++++ Records provided ++++
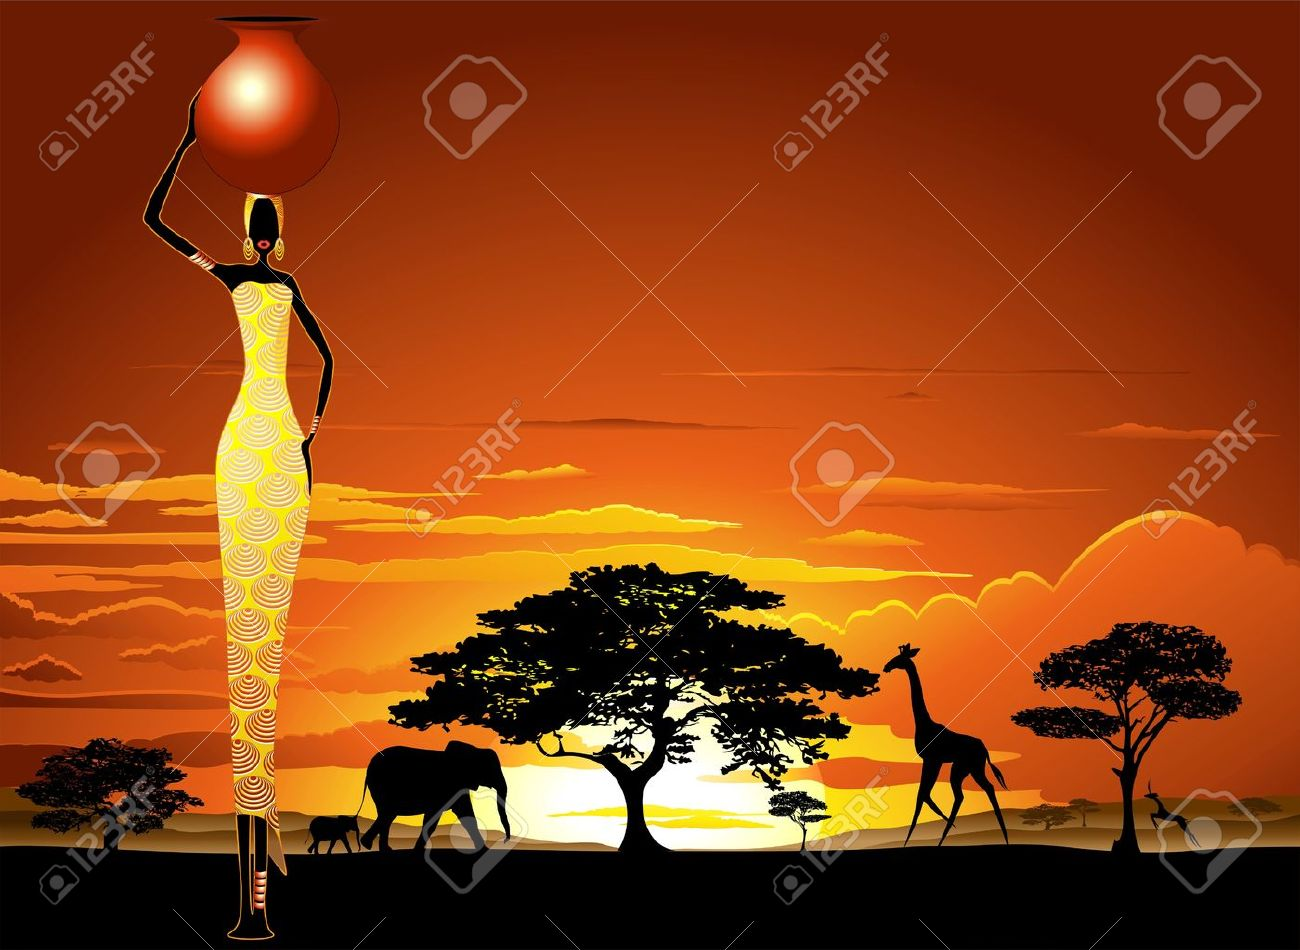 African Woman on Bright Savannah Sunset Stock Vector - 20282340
++++
++++ Records provided ++++
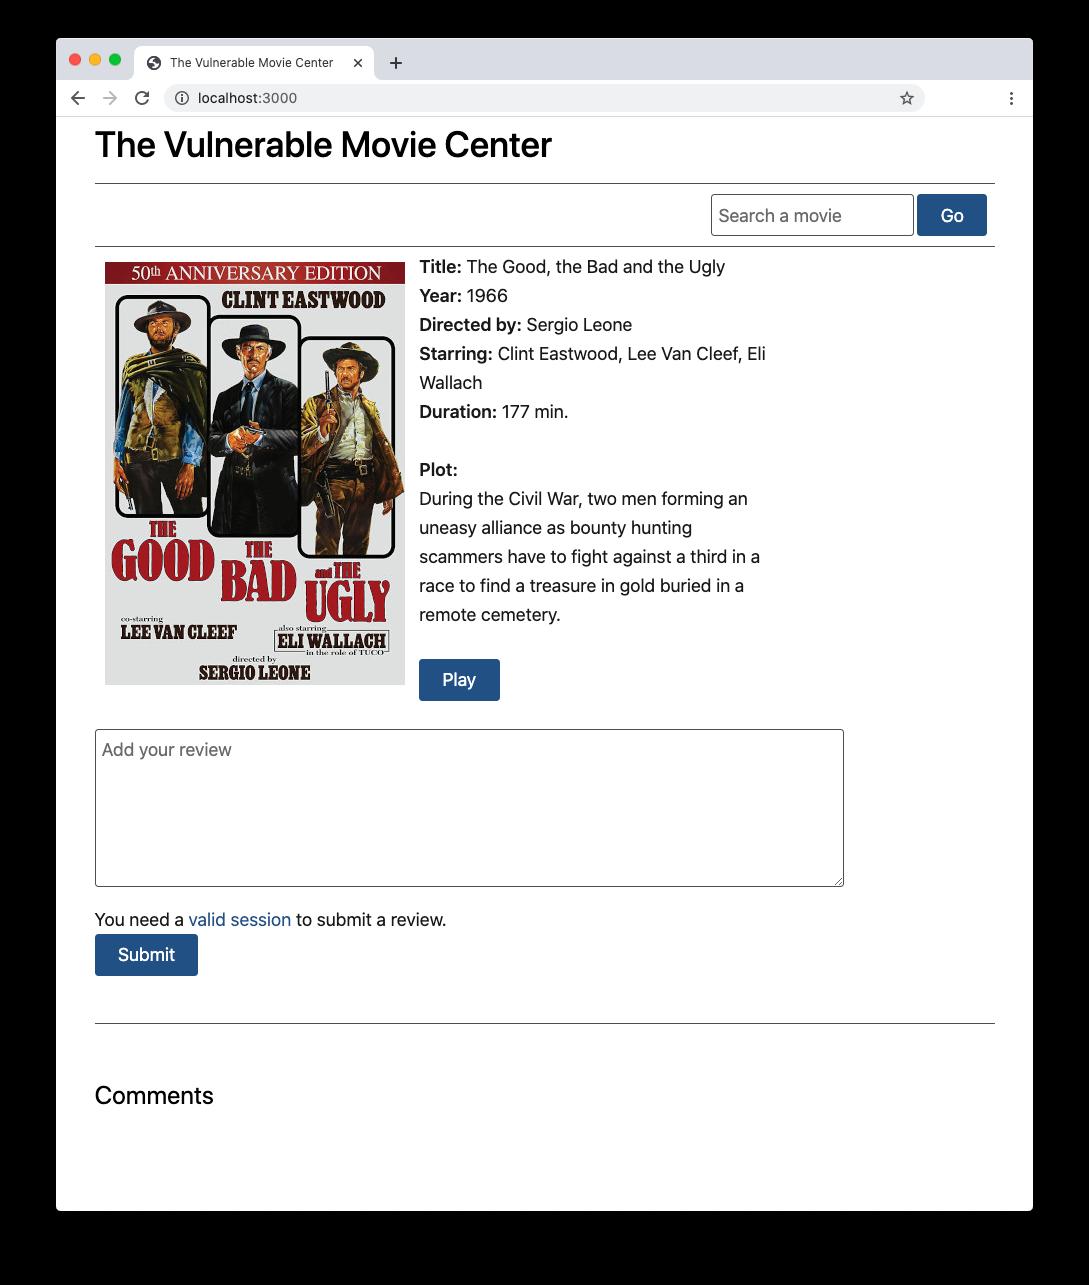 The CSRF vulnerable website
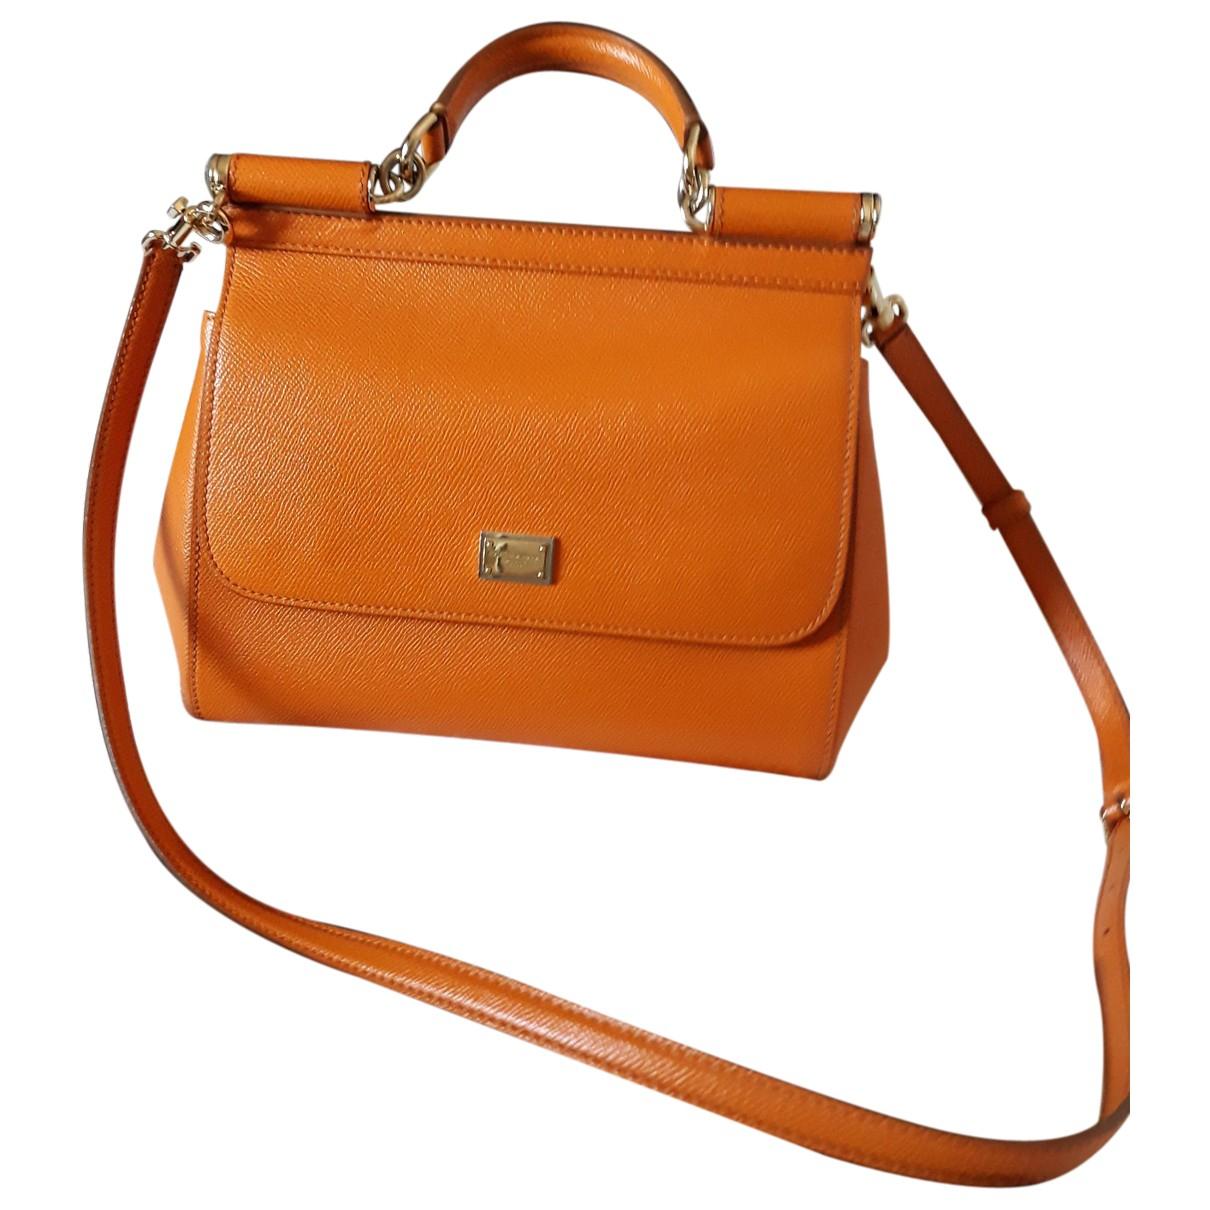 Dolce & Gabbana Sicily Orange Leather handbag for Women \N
++++
Exercise description → Retype only the lines above from the one with "The CSRF vulnerable website" through the one with "Dolce & Gabbana", exactly and with both ends. Images stay out.

Expected output →
 The CSRF vulnerable website
 Dolce & Gabbana Sicily Orange Leather handbag for Women \N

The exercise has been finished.